Locate the line that contains "Denk Ich an" in the data that follows. Copy it and every subsequent line to the end, exactly, excluding pictures.

> _Data below_
* * * * * * * * *

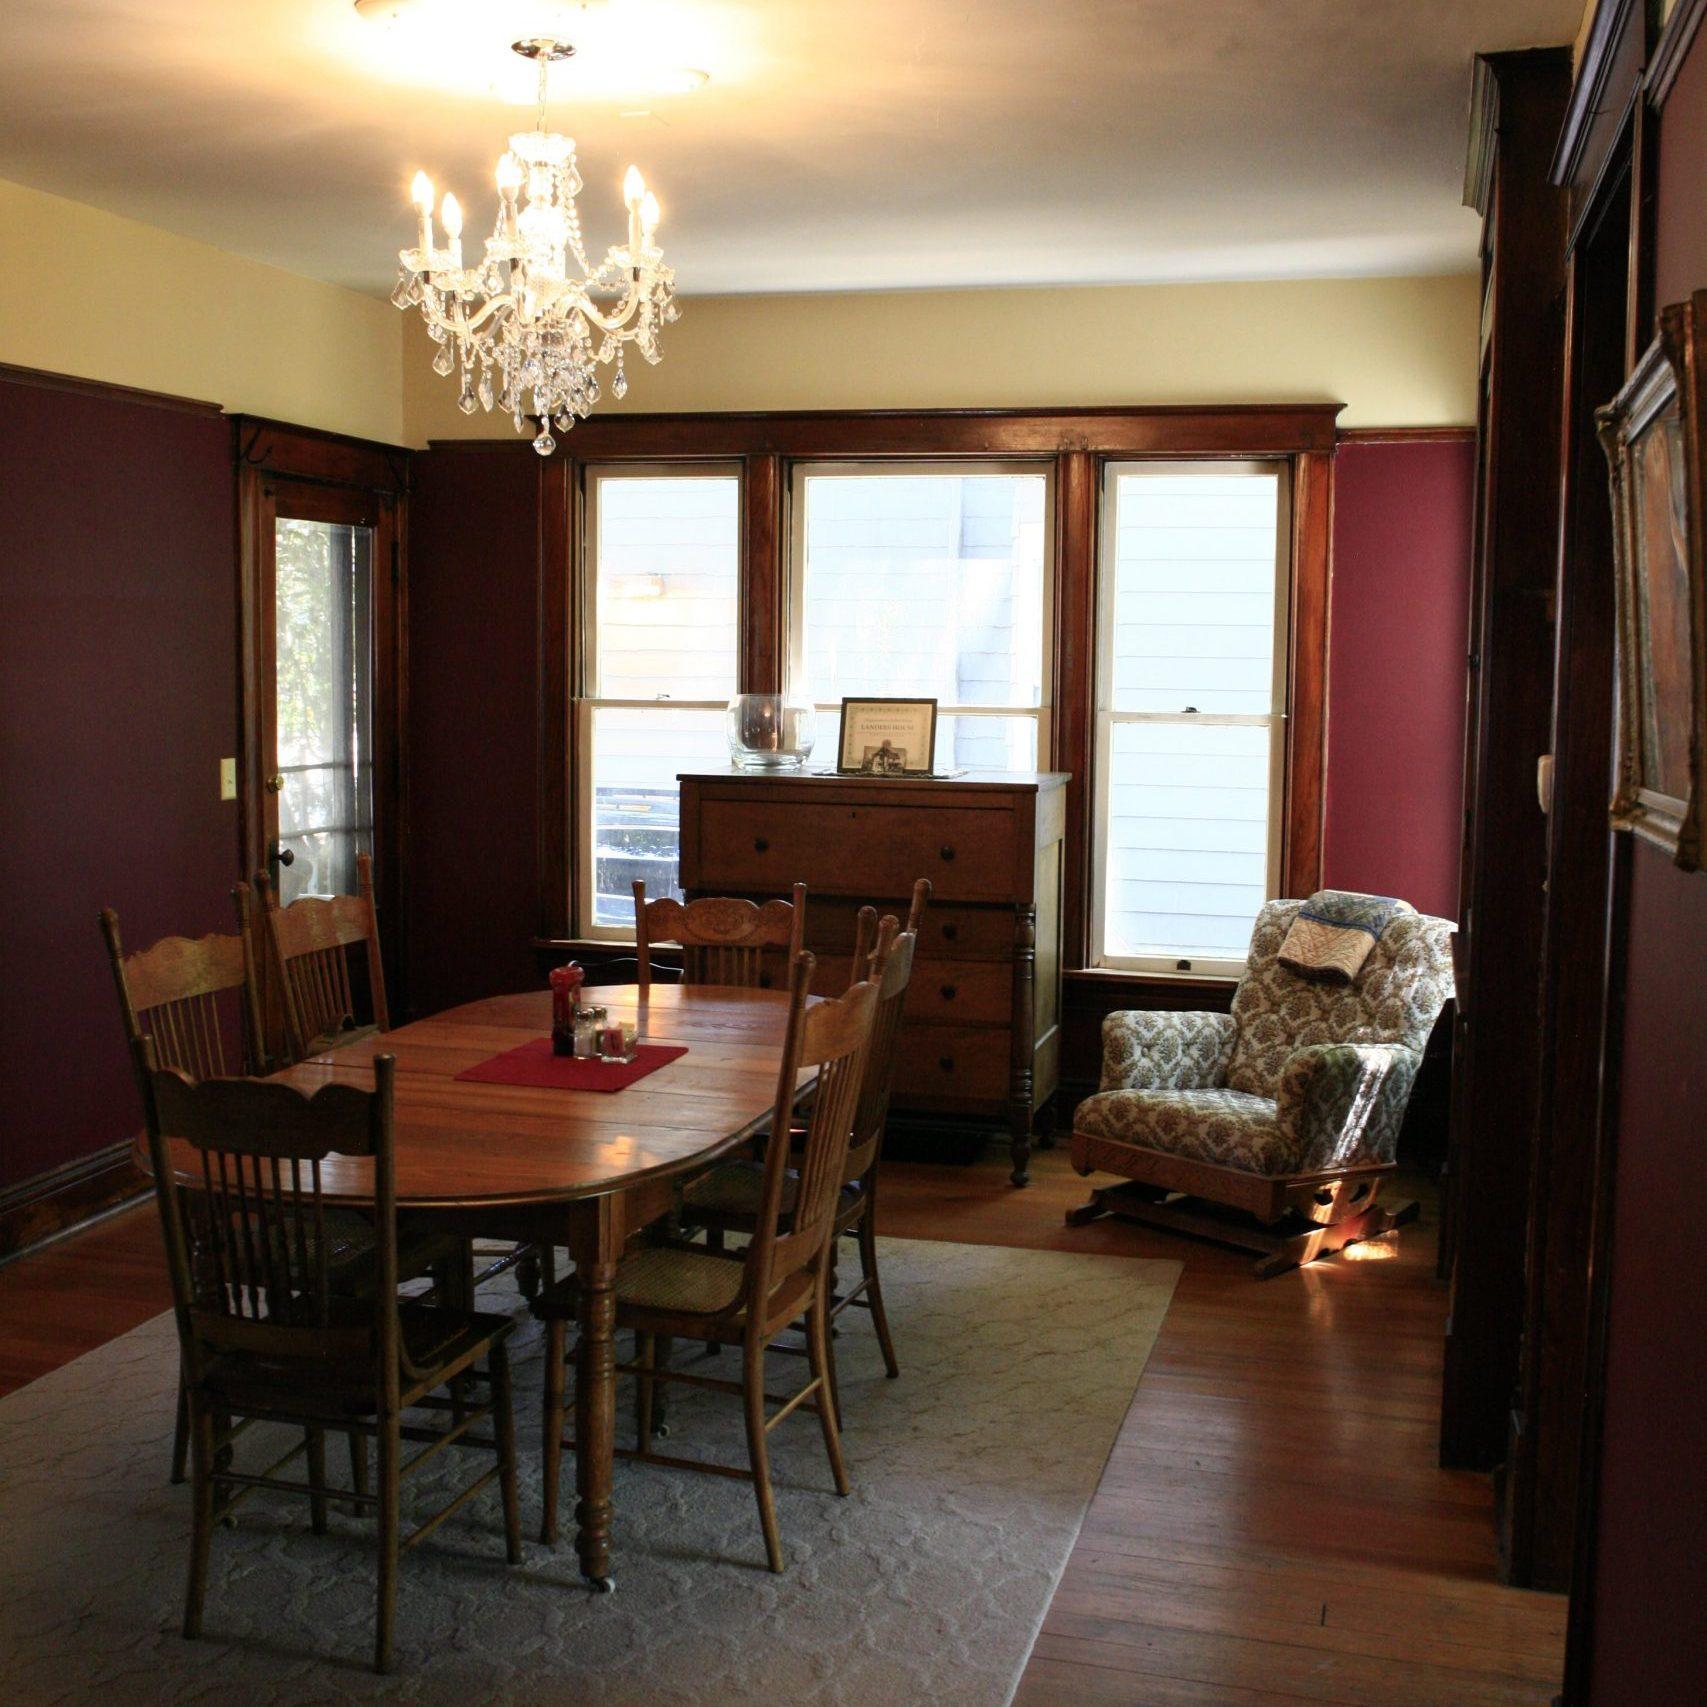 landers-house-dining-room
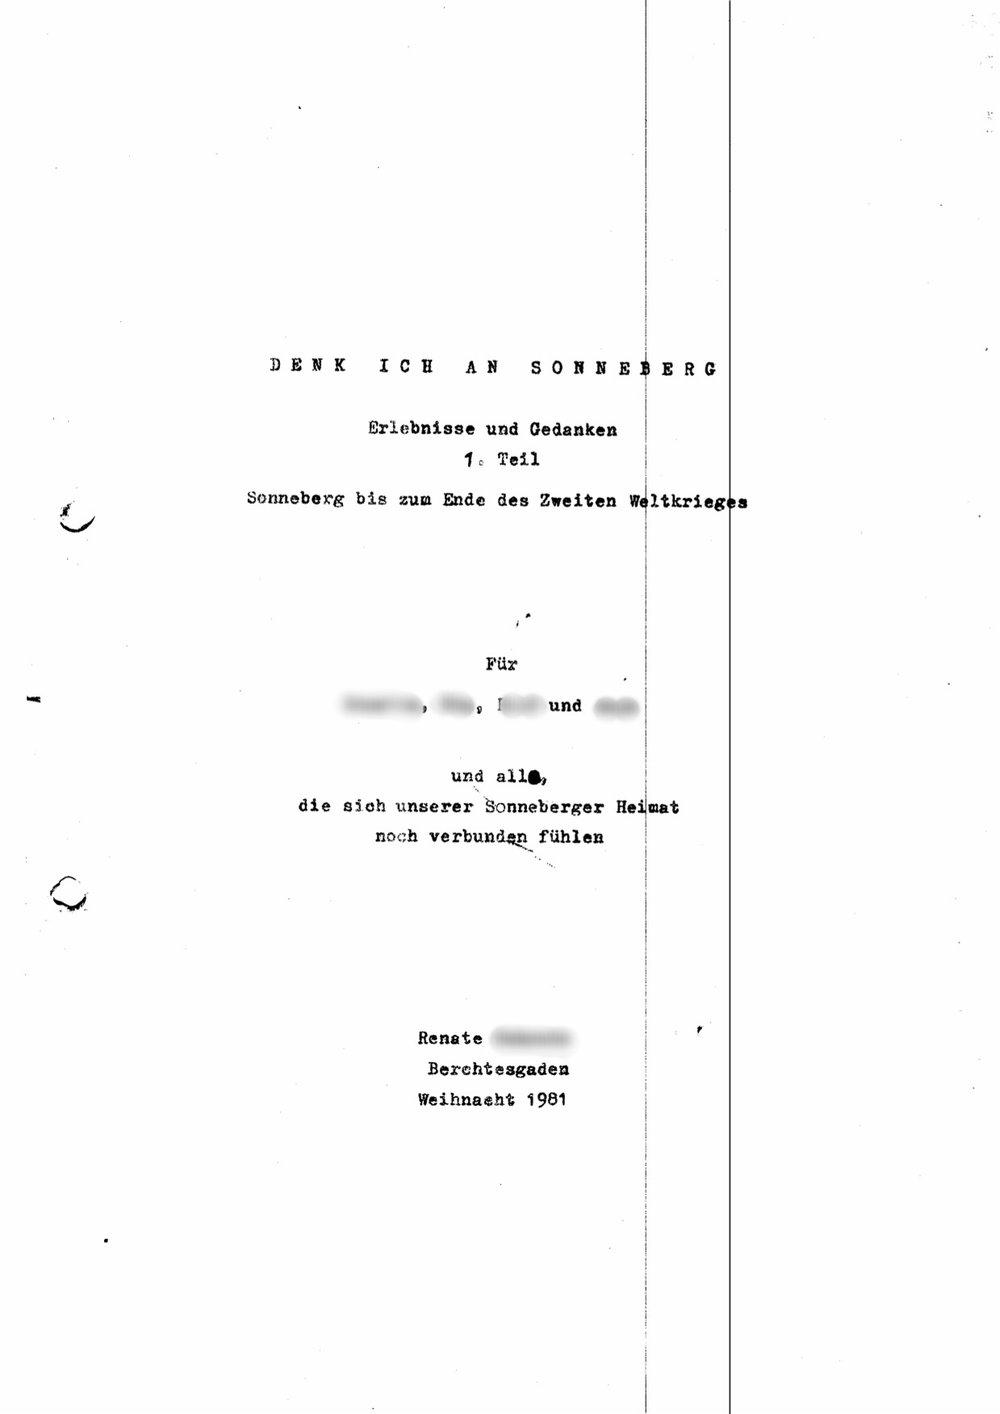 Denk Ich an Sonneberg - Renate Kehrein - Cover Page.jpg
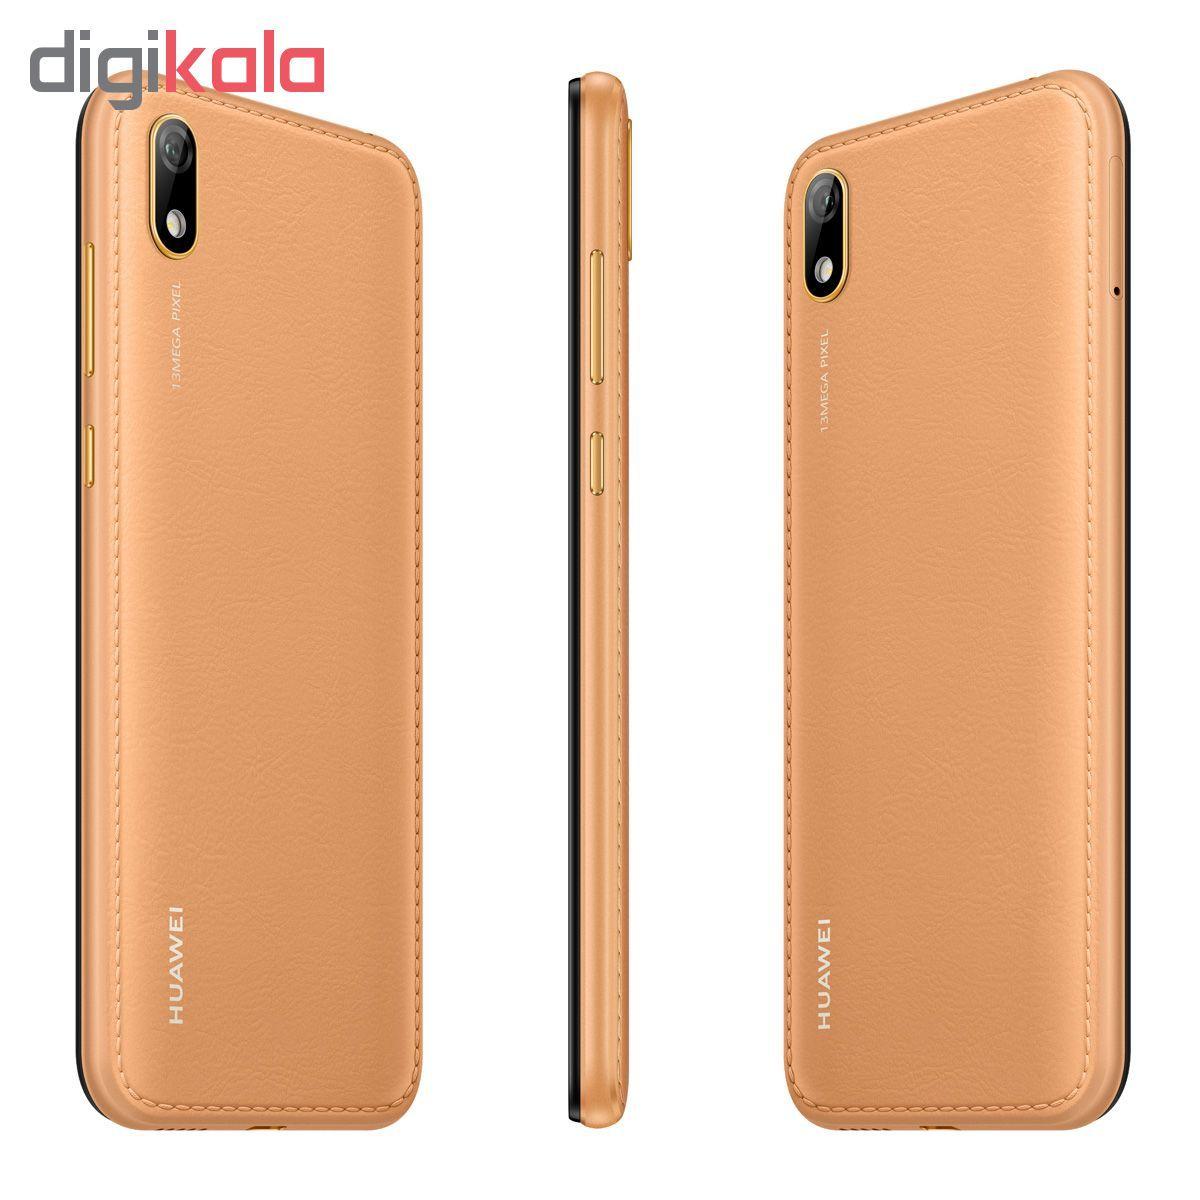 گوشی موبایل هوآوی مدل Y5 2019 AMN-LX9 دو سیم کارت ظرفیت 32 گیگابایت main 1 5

* * * * * * * * *

> _Answer section_
 Denk Ich an Sonneberg - Renate Kehrein - Cover Page.jpg
 گوشی موبایل هوآوی مدل Y5 2019 AMN-LX9 دو سیم کارت ظرفیت 32 گیگابایت main 1 5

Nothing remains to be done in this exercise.